Dale Steyn, a South African cricketer, has taken 29 five-wicket hauls in international cricket. In cricket, a five-wicket haul (also known as a "five–for" or "fifer") refers to a bowler taking five or more wickets in a single innings. This is regarded as a notable achievement, and as of October 2024, only 54 bowlers have taken 15 or more five-wicket hauls at international level in their cricketing careers. A right-arm fast bowler, Steyn reached 300 Test wickets in fewer matches than any other South African bowler. He was named the ICC's Test Player of the Year in 2008, and the Wisden Cricketers' Almanack named him one of their cricketers of the year in 2013.

Steyn made his Test debut in 2004 against England at the St George's Oval, Port Elizabeth. His first Test five-wicket haul came in 2006, against New Zealand at the SuperSport Park, Centurion. In November 2007 against the same team at the Wanderers Stadium, Johannesburg, he took a five-wicket haul in both innings of a Test match for the first time. He has repeated this feat twice more: against Australia at the Melbourne Cricket Ground in 2008, and Pakistan at the Wanderers Stadium in 2013. Steyn's career-best figures for an innings are 7 wickets for 51 runs against India at the Vidarbha Cricket Association Stadium, Nagpur, in February 2010. He has taken ten or more wickets in a match on five occasions. As of 2015, he has taken the most number five-wicket hauls for South Africa.

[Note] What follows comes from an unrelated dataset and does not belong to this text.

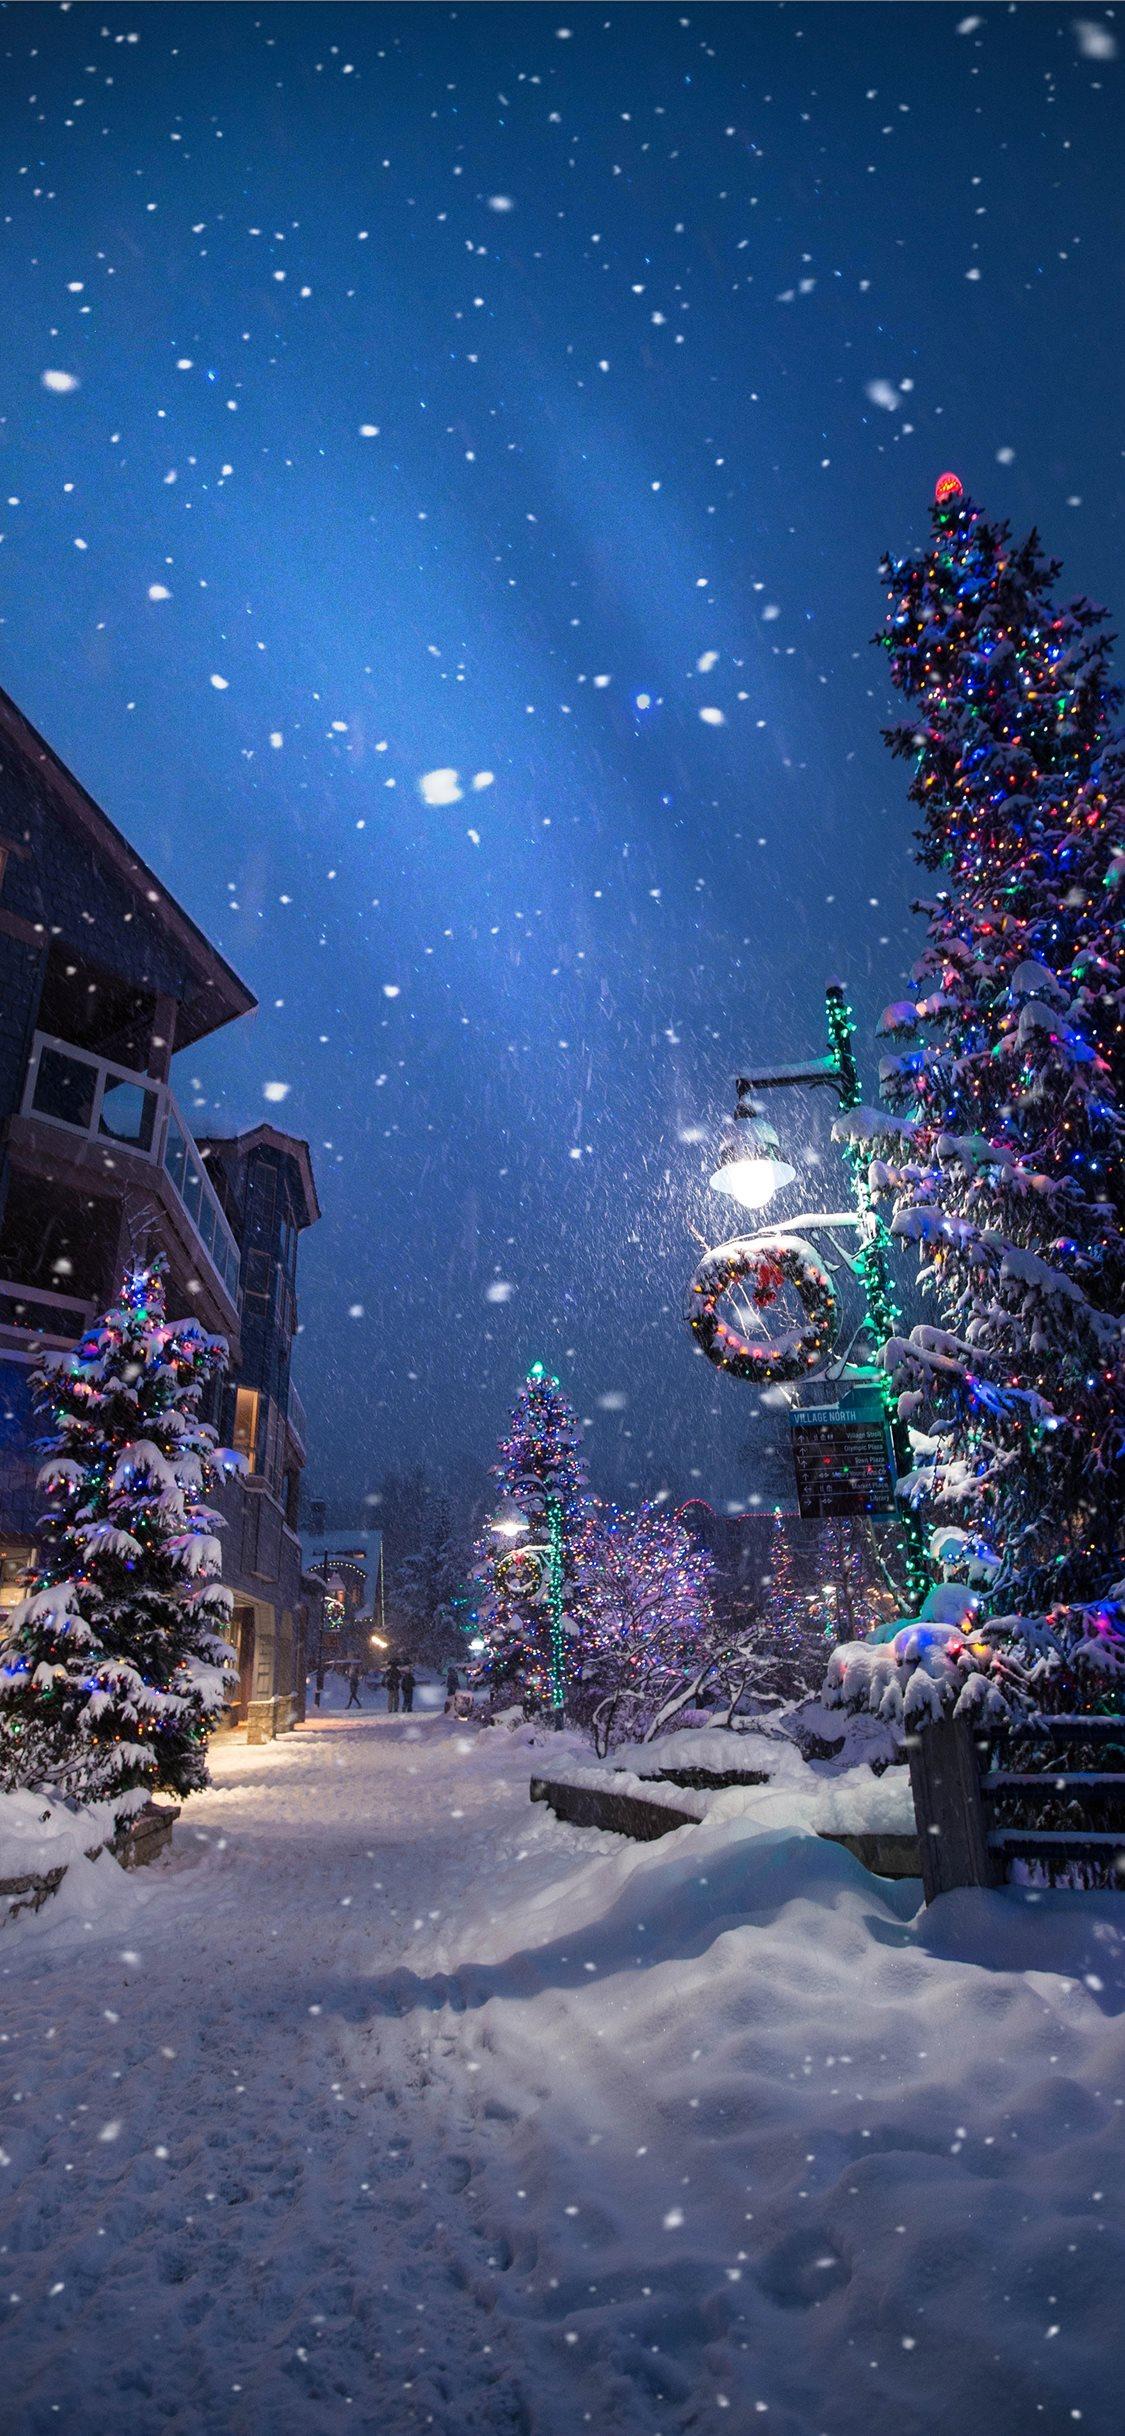 Magic in the Whistler Village iPhone X Wallpaper Download. iPhone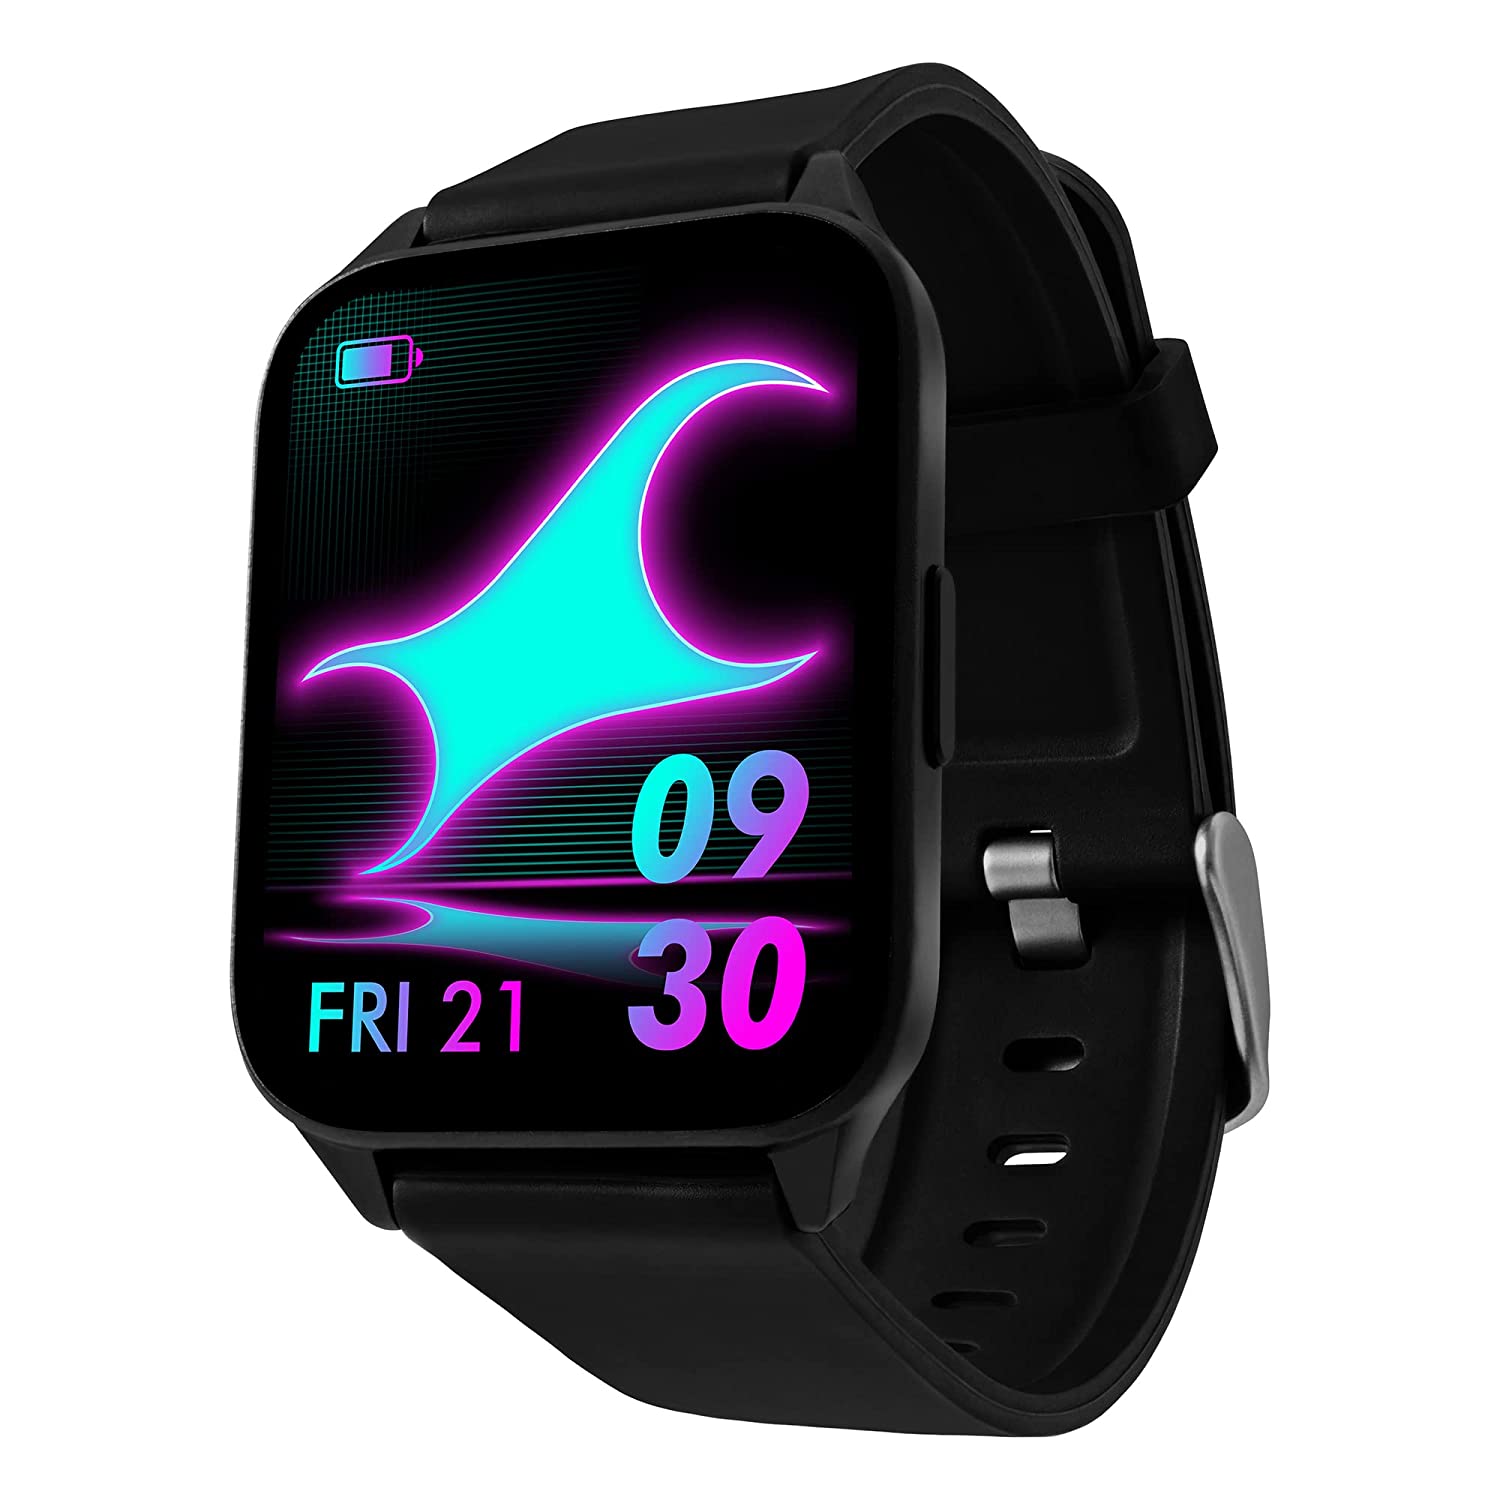 With “Reflex Beat+,” Fastrack joins the market for affordable smart wearables

Steyn made his One Day International (ODI) debut for the African XI in the first match of the 2005 Afro-Asia Cup, against the Asian XI at the SuperSport Park, Centurion. His first ODI five-wicket haul came during the 2011 Cricket World Cup, against India, a match which South Africa won at the Vidarbha Cricket Association Stadium. His career-best bowling in ODI cricket is 6 wickets for 39 runs against Pakistan at the St George's Park, Port Elizabeth, in November 2013.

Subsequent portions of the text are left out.